[Date Prev][Date Next][Thread Prev][Thread Next] [Search] [Date Index] [Thread Index]

[MacPerl] Clarification of detecting "broken links"/invalid URLs



Last week I posted a question on how to validate URLs using
MacPerl. Reading the responses, I see that I wasnt clear about
the original problem.

What I meant to ask was how Macperl can check if a specified
URL (pointing to a document) is indeed a valid document.
The problem arises in the area of web page maintenance. I am
writing a utility (in MacPerl!) to cross-reference a web site and want
to check if each URL is still "valid"/referring to a valid document
on a Web site.

The web site in question is my "Creativity Web" which contains
many links to other documents on the web. What usually happens
is that someone asks me to put a link to their web site,
eg http://www.isp.com/~freddo/mypage.htm
Several months later, the user may not exist on that web
server, and someone else will report to me that the above
link is returning a status 401 - document not found on server.
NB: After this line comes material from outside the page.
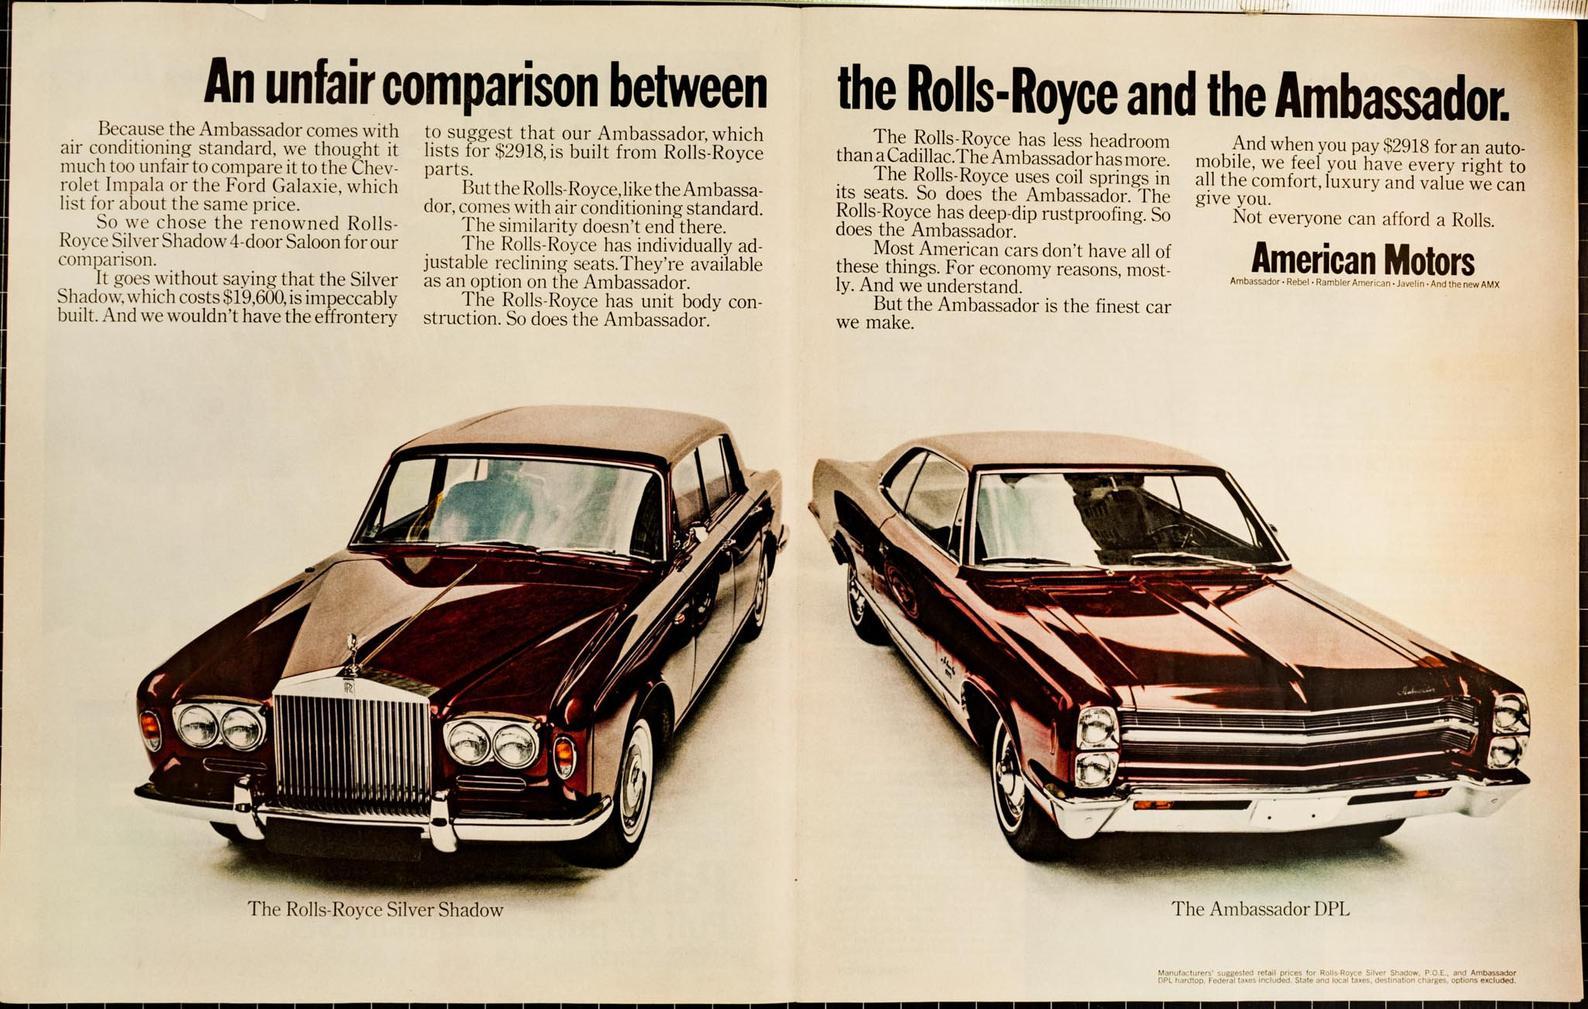 1968 AMC Ambassador vs Rolls-Royce Silver Shadow

I'm not sure if it is possible to detect web documents that have
a short page saying "THis site has moved to the following address...."
as these are valid documents.

I received some useful code from several list members and it seems
that the "Connect" call is needed to validate a domain name. What my
program needs to do is to pretend to be a web browser and fetch
a specified web document.

I hope this makes my "problem" clearer!   Coincidentally, I found
a program called Big Brother which does one task: check external
links in an HTML document!  I would prefer to use MacPerl and then
I would learn something.

Charles


Creativity Web: http://www.ozemail.com.au/~caveman/Creative


------------------------------------------------------
Charles Cave                         Sydney, Australia
Email:                         charles@jolt.mpx.com.au
------------------------------------------------------